The thresholds for the detector are the 1st and 99th percentiles of the per-reservoir inflow distribution observed during GDROM training. nwm-gdrom computes these at build time from the cleaned daily training time series shipped with the GDROM v2 release. Both percentile bounds are configurable through CLI flags.

Reservoirs in the Res_M category, which were not trained on local time series but inherit their rules from analogous Res_R reservoirs, do not have their own training data. For them, the OOD trigger defaults to disabled (sentinel values of −∞ and +∞) until per-reservoir thresholds can be inherited from an analog in a follow-on enrichment pass.

Versioning and reproducibility

Two version stamps are embedded in the catalog: rule_version, identifying the upstream GDROM release the catalog was built from, and crosswalk_version, identifying the identifier-resolution table that maps GRanD identifiers to National Hydrofabric lake identifiers. Both are validated at load time against caller-provided expectations.

The recommended policy is Semantic Versioning for both stamps:

  • MAJOR for any backward-incompatible change to the on-disk schema.
  • MINOR for additive changes (new fields with safe defaults).
  • PATCH for changes to the underlying data without schema changes (corrected rule files, refreshed OOD thresholds, regenerated crosswalk).

T-Route's operational restart-file mechanism is expected to record the same stamps and refuse to resume an operational cycle across mismatched versions; the catalog-side mismatch error (CatalogVersionMismatchError) is the corresponding load-time signal.

For development and ad-hoc workflows, the build pipeline embeds an automatically generated stamp derived from the source repository's revision identifier when no explicit version is provided. This default produces a unique stamp for every commit and is appropriate for development; it should be replaced with an explicit semantic version for any retrospective or forecast cycle that is published, archived, or used in operational decision-making.

Verification

Correctness of the catalog rests on three lines of evidence.

Parser corpus coverage. Every rule file in the upstream GDROM v2 corpus parses cleanly. The full corpus contains 4,832 module files and 1,540 dispatcher files; the verification suite parses all of them and asserts that no parse errors are raised and that both module kinds (EXPR and TREE) are represented.

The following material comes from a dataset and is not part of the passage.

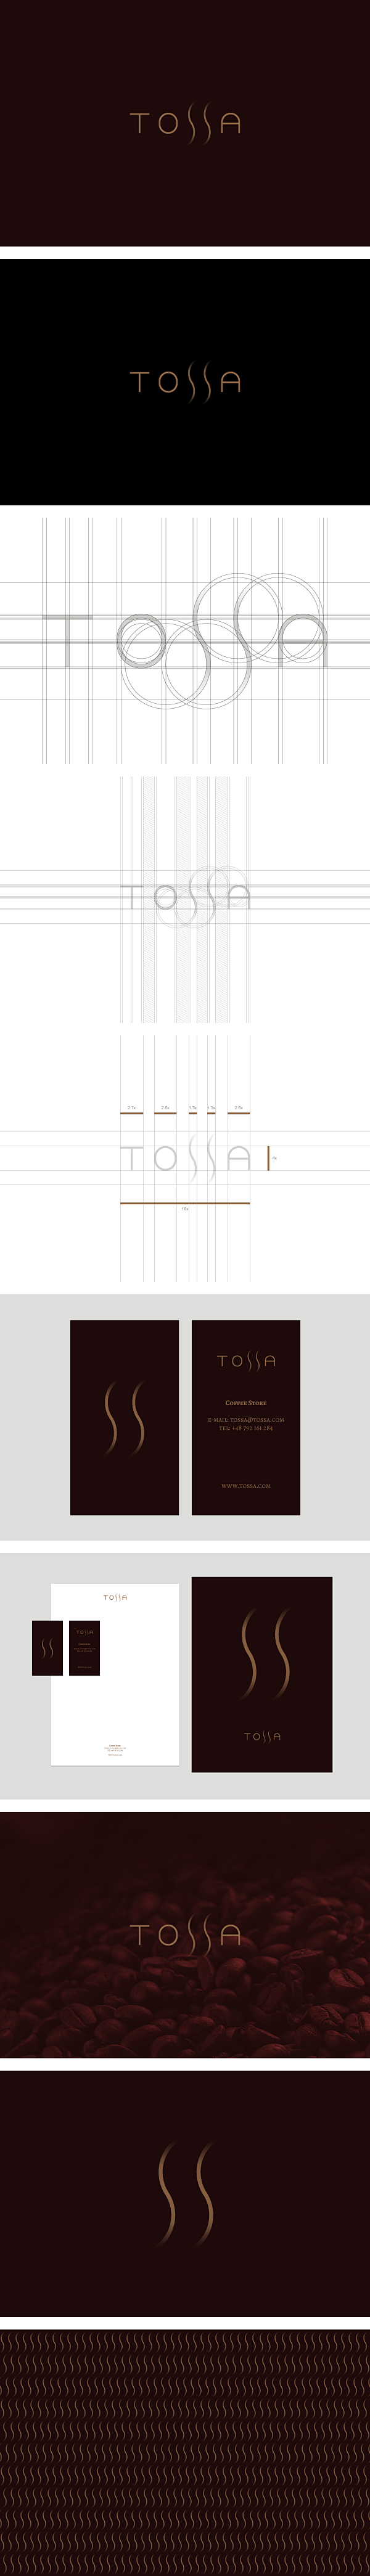 TOSSA咖啡品牌形象设计//Victo...

Bit-exact agreement with the reference simulator. The GDROM authors' reference simulator generates Python functions on the fly from the rule text and applies them row by row to a daily input; the package's evaluator reads the same rules from the binary catalog and applies them to the same rows. The two are compared at every row, for representative reservoirs spanning all three GDROM categories and both module kinds. The comparison runs in two forms: first, against the actual cleaned daily training time series for reservoirs that have them (Res_R and Res_L); second, against a designed input grid sampling the inflow, storage, drought-index, and day-of-year domains, used both to extend agreement testing beyond the historical range and to cover the Res_M category, which has no training time series. Agreement is required at every row within a tolerance of one-millionth of an acre-foot per day, which is loose enough to absorb residual IEEE-754 double-precision rounding noise but tight enough that any logical divergence between the two implementations would fail the test. The actual measured maximum disagreement across the test set is about 2 × 10⁻¹³, essentially machine epsilon.

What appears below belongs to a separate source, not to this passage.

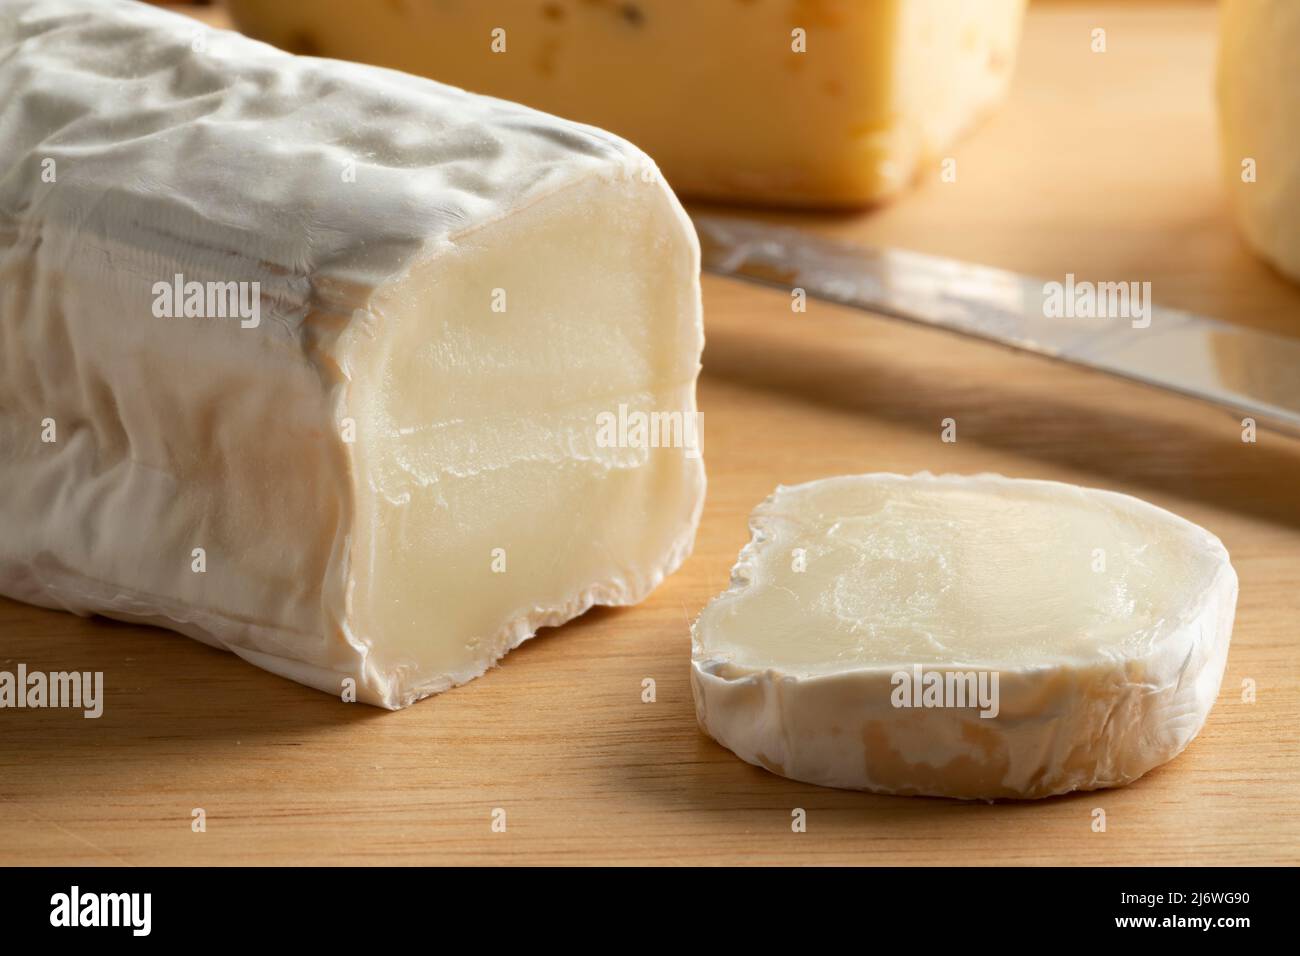 Buche de Chevre, formaggio di capra, con una cotenna bianca e una fetta su un tagliere da vicino Foto Stock

End-to-end round-trip validation on every build. Every catalog produced by the CLI is re-loaded from disk and compared field by field against the in-memory original. All array fields are compared element-wise with np.array_equal(equal_nan=True); dtype and shape mismatches are caught; both version stamps must round-trip exactly. Any divergence aborts the build with a non-zero exit status.

The verification suite runs automatically on every change, on Linux, macOS, and Windows, across multiple supported Python versions, with coverage tracked.

T-Route integration

T-Route consumes the catalog through a single call to load_catalog at model initialization. The returned GDROMCatalog dataclass exposes the flat NumPy arrays directly as attributes; T-Route stores them on its model instance and reads them by reference inside its per-timestep compute loop. No further input/output occurs during the run.

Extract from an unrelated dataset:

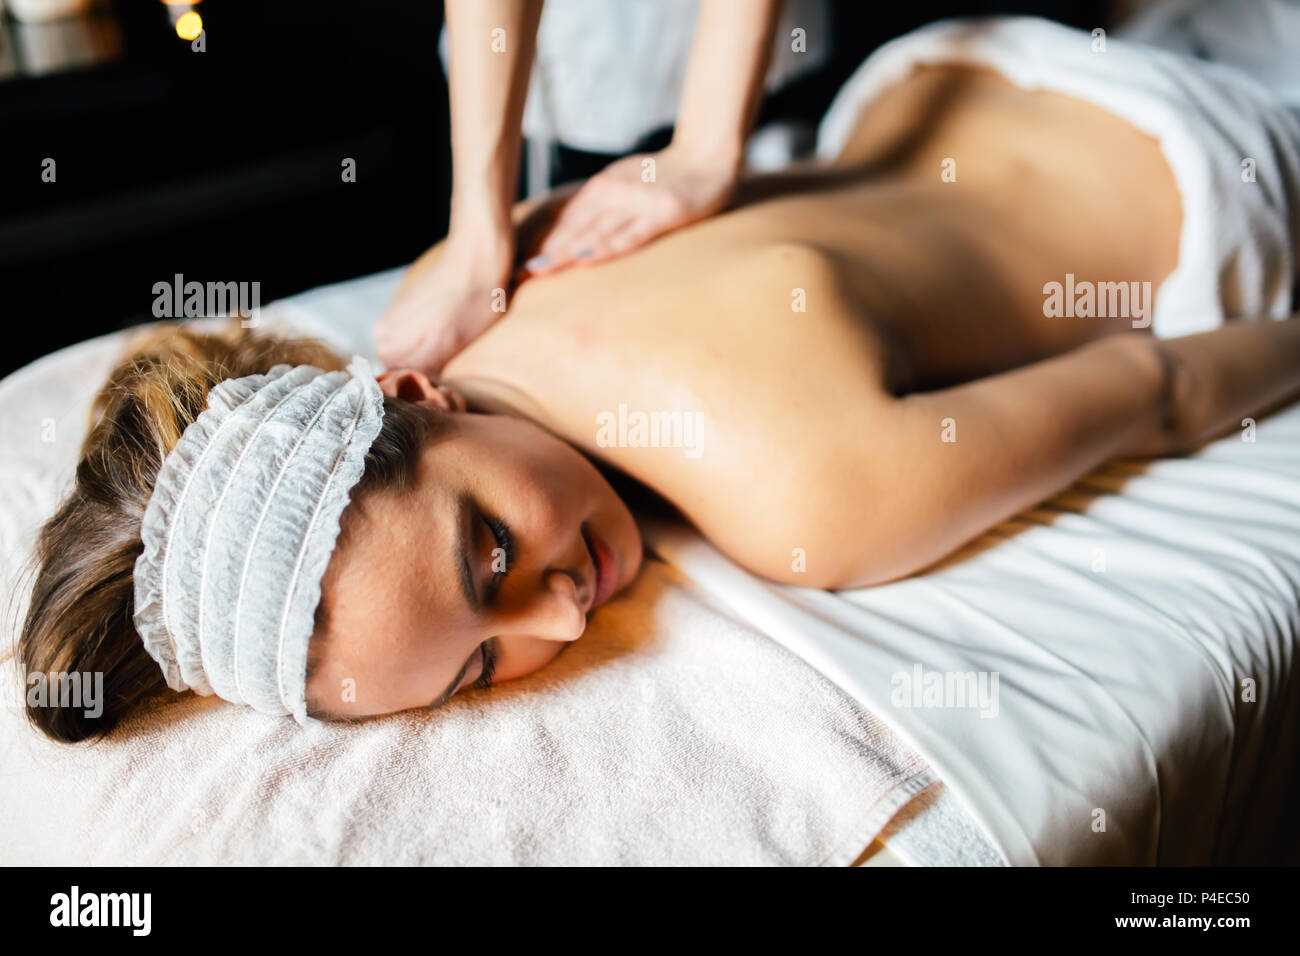 Beautiful woman enjoying massage treatment Stock Photo

Two operational invariants are required at the integration boundary:

  1. The catalog must be loaded once at startup and held for the duration of the run; it is read-only at runtime and imposes no concurrency constraint.
  2. The configured rule and crosswalk versions must be validated against the embedded stamps at load time, and any mismatch must abort the run rather than continue with an unexpected catalog.

The runtime cadence at which the kernel evaluates the rules (daily zero-order-hold with mass closure through the underlying level-pool physics, per the multi-scale hydrologic modeling community's prevailing convention) is the responsibility of the routing engine, not of this package.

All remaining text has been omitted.